* **Work to complete**:
Output exactly, and only, the stretch of lines beginning at the line with "Designer Cool Wunderschöne" and ending at the last line of the listing below. Drop the pictures.

* **Collected data**:
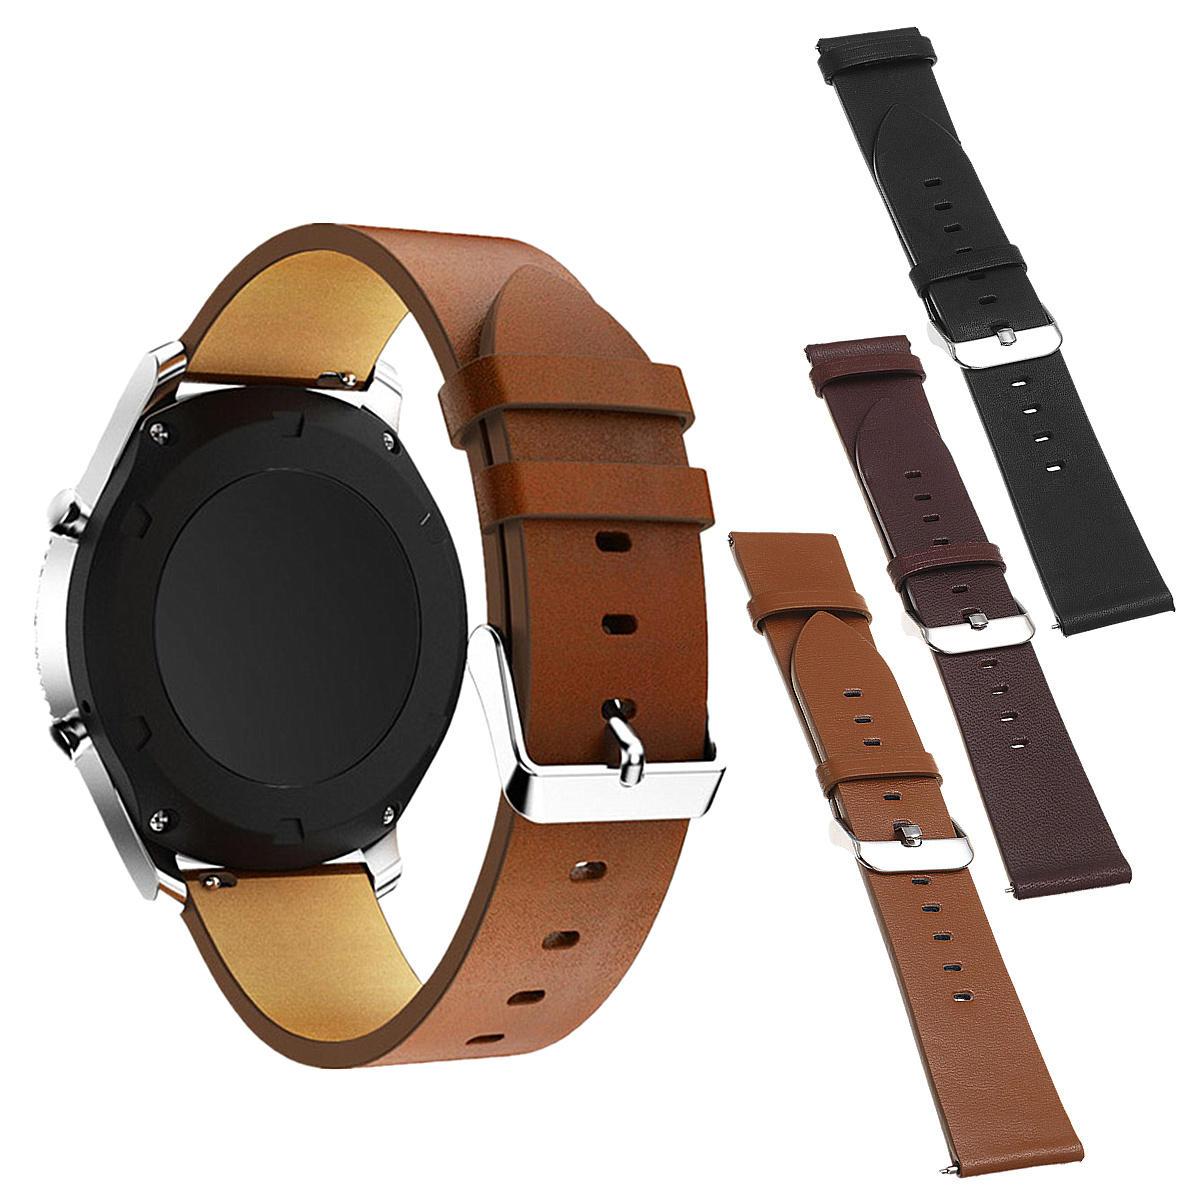 22мм кожаные часы Стандарты Ремень для Samsung Gear S3 Frontier / Classic
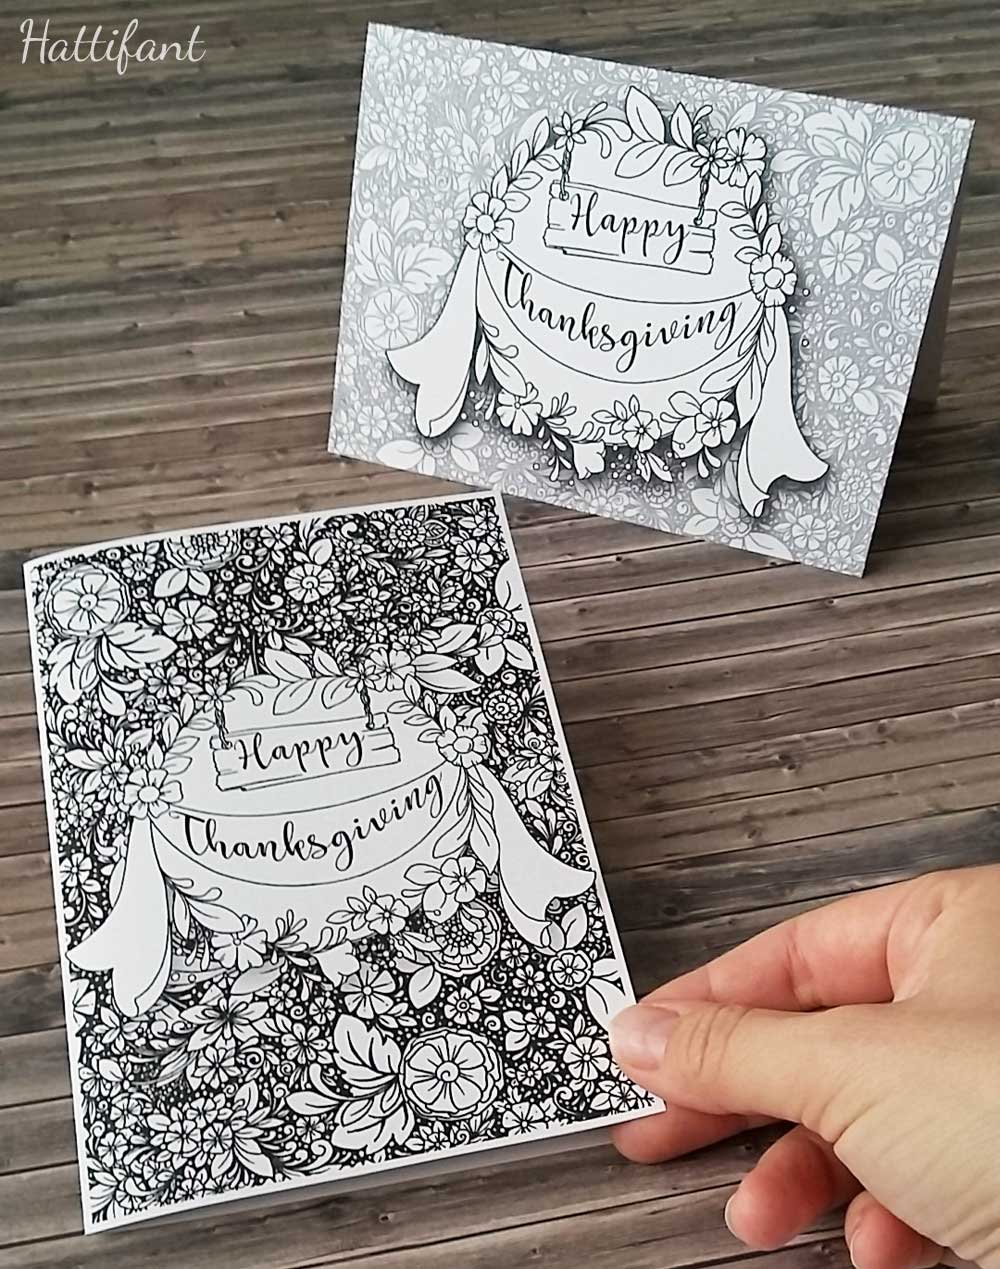 Hattifant's Thanksgiving Table Decoration Flower Doodle Cat Printables Cards
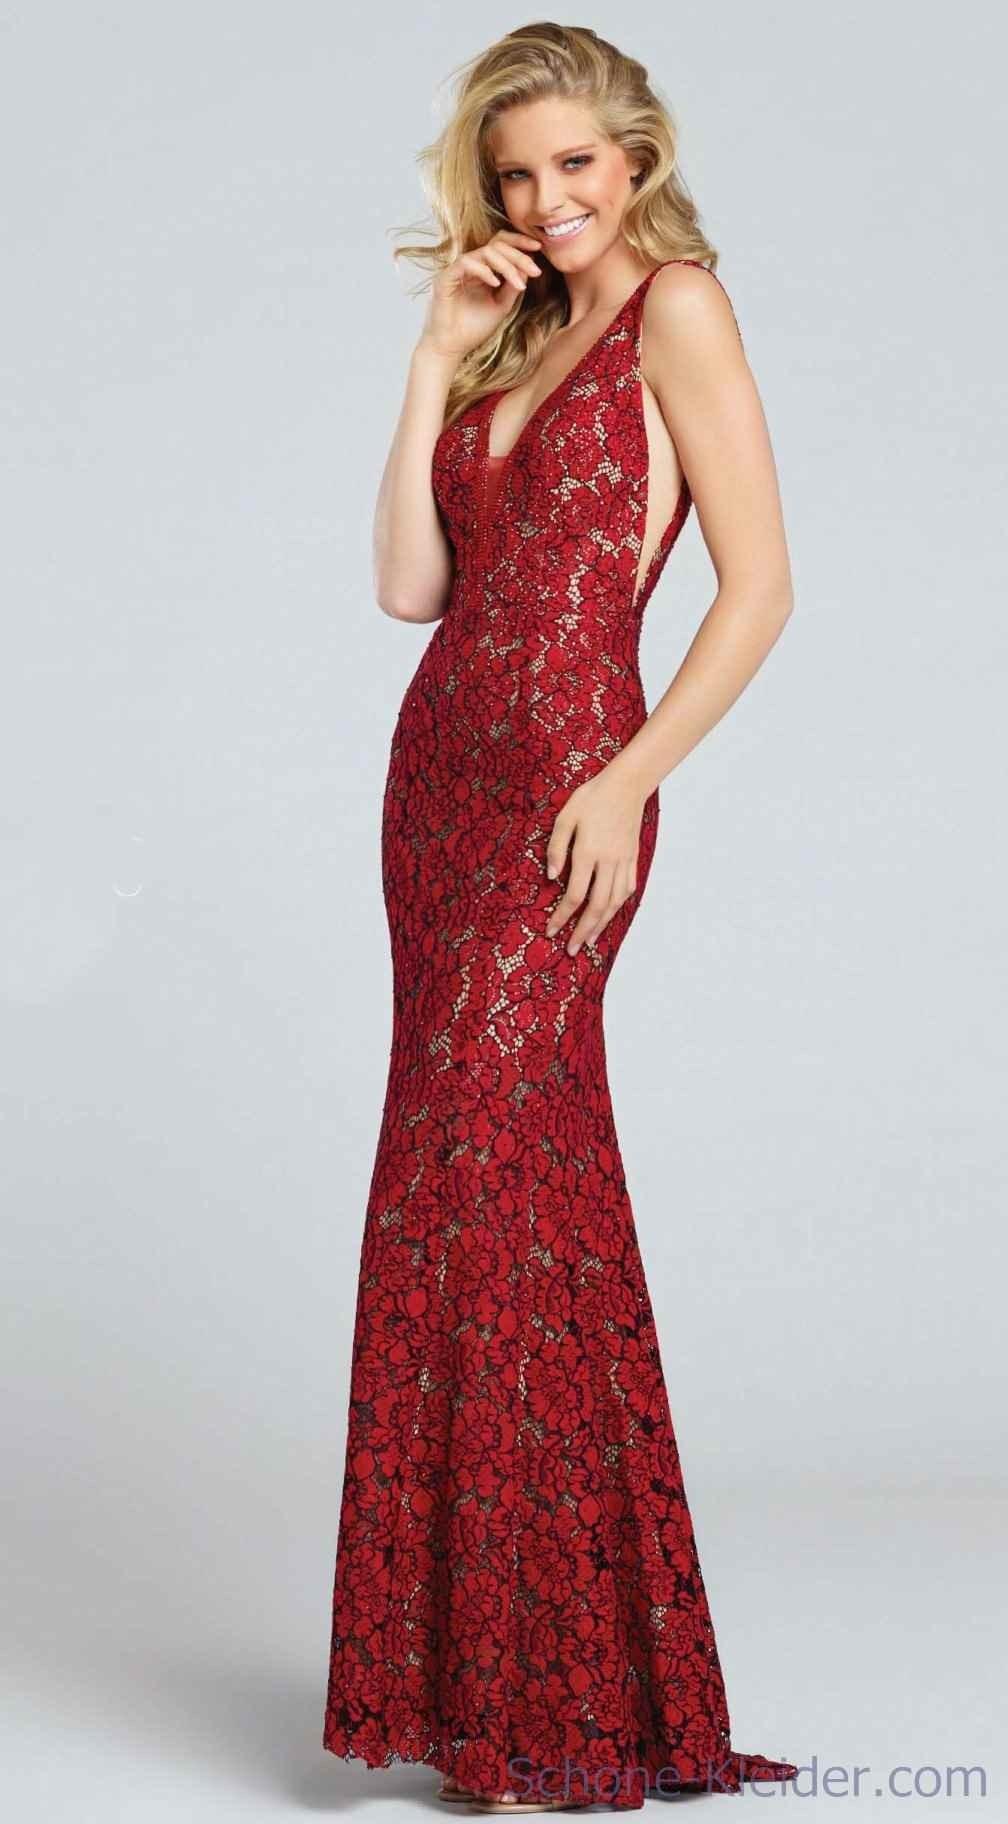 Designer Cool Wunderschöne Abendkleider Lang Boutique17 Großartig Wunderschöne Abendkleider Lang Bester Preis
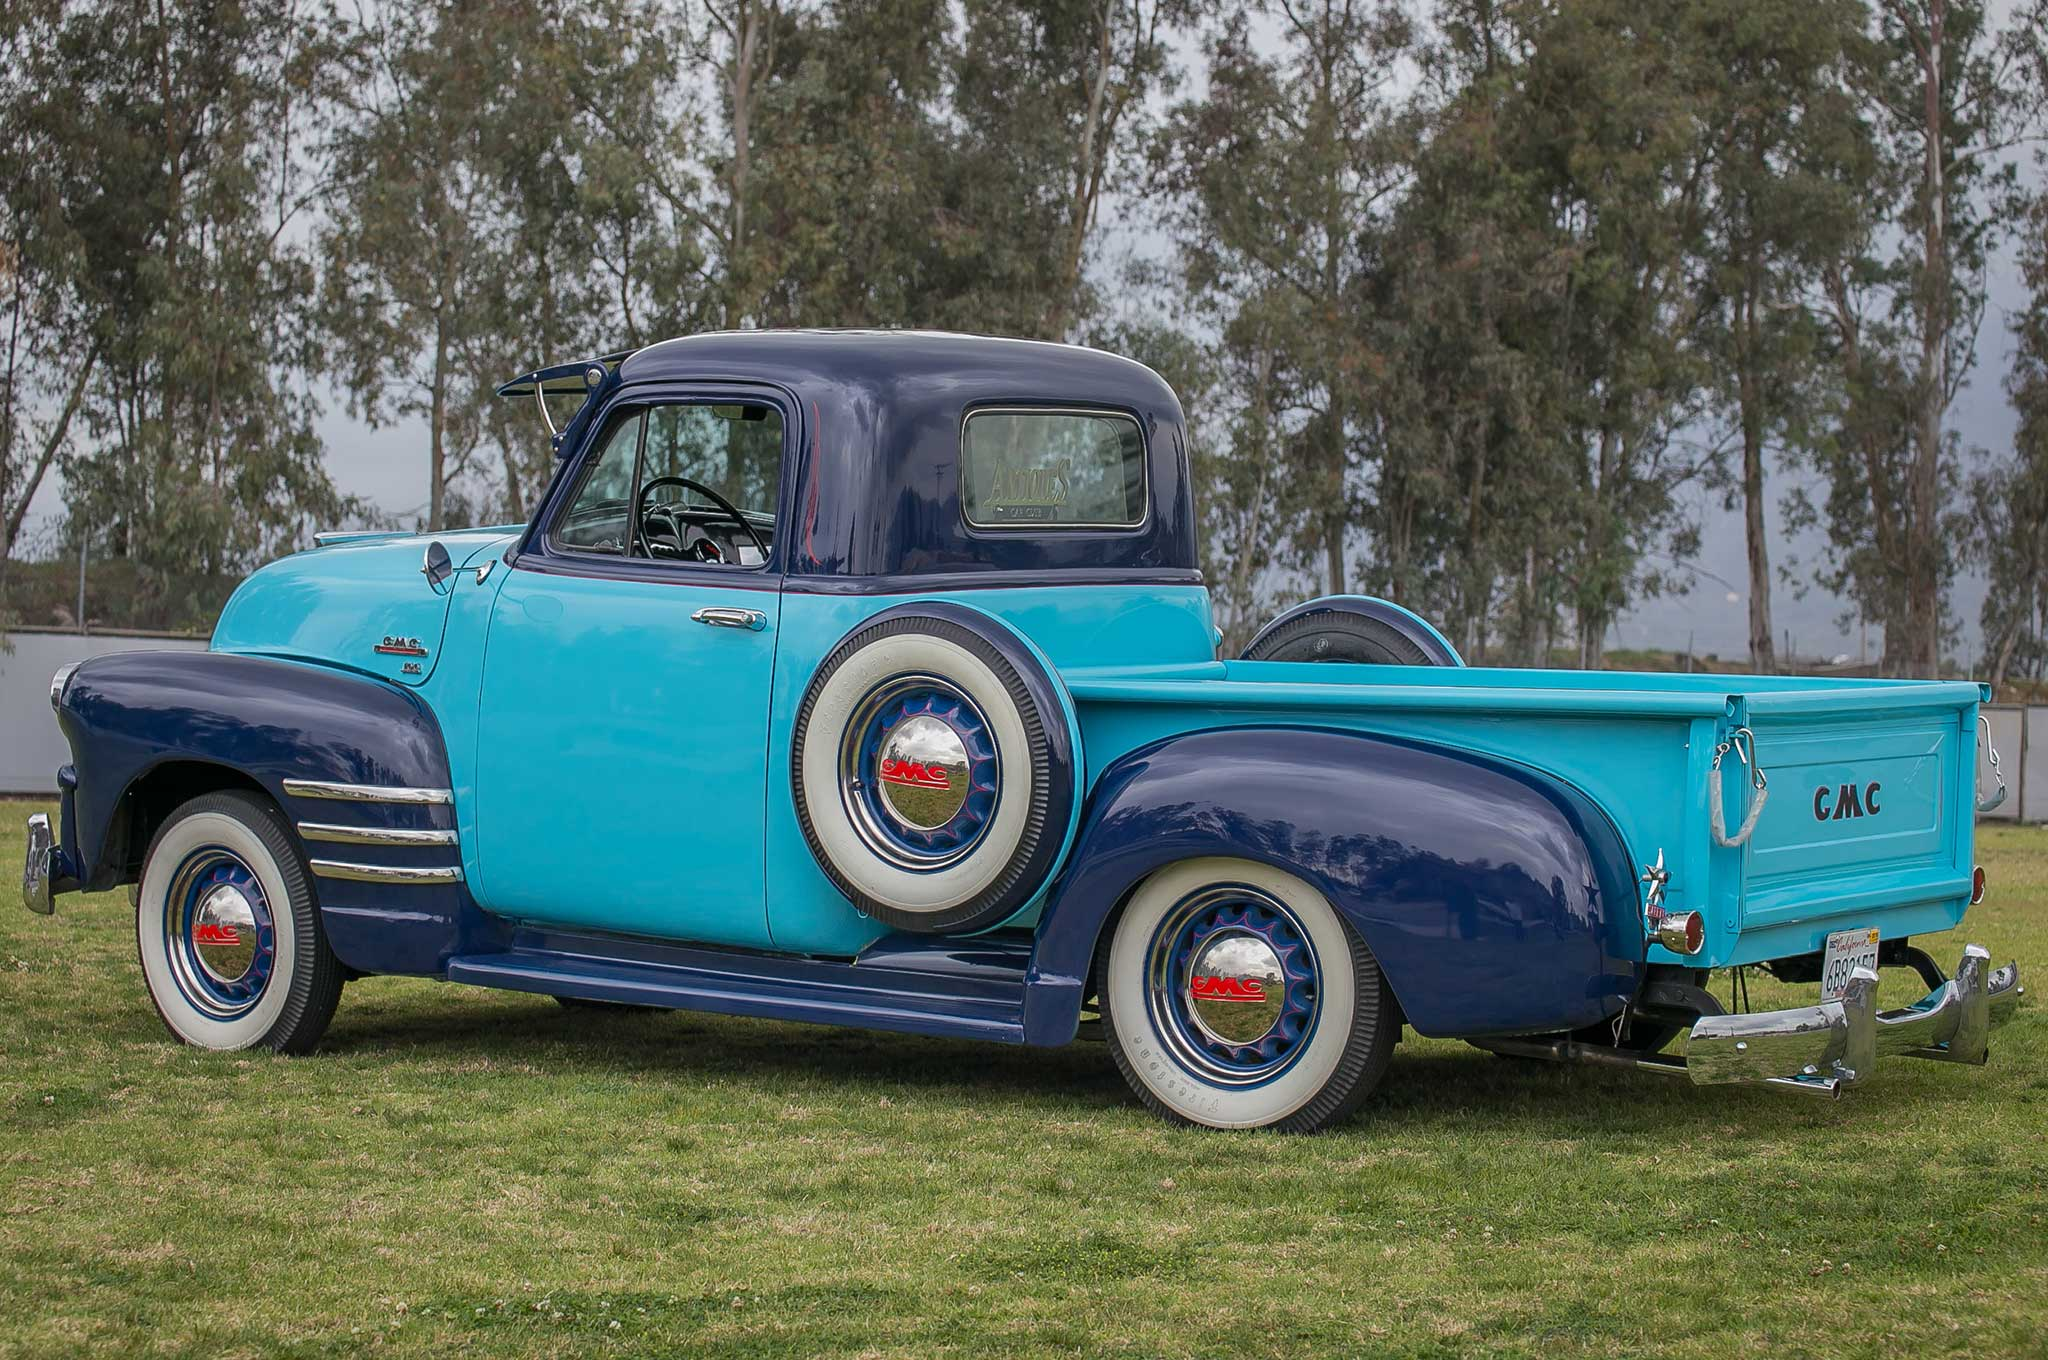 1954 GMC Pickup - Generational GMC - Lowrider

* **Output**:
 Designer Cool Wunderschöne Abendkleider Lang Boutique17 Großartig Wunderschöne Abendkleider Lang Bester Preis
 1954 GMC Pickup - Generational GMC - Lowrider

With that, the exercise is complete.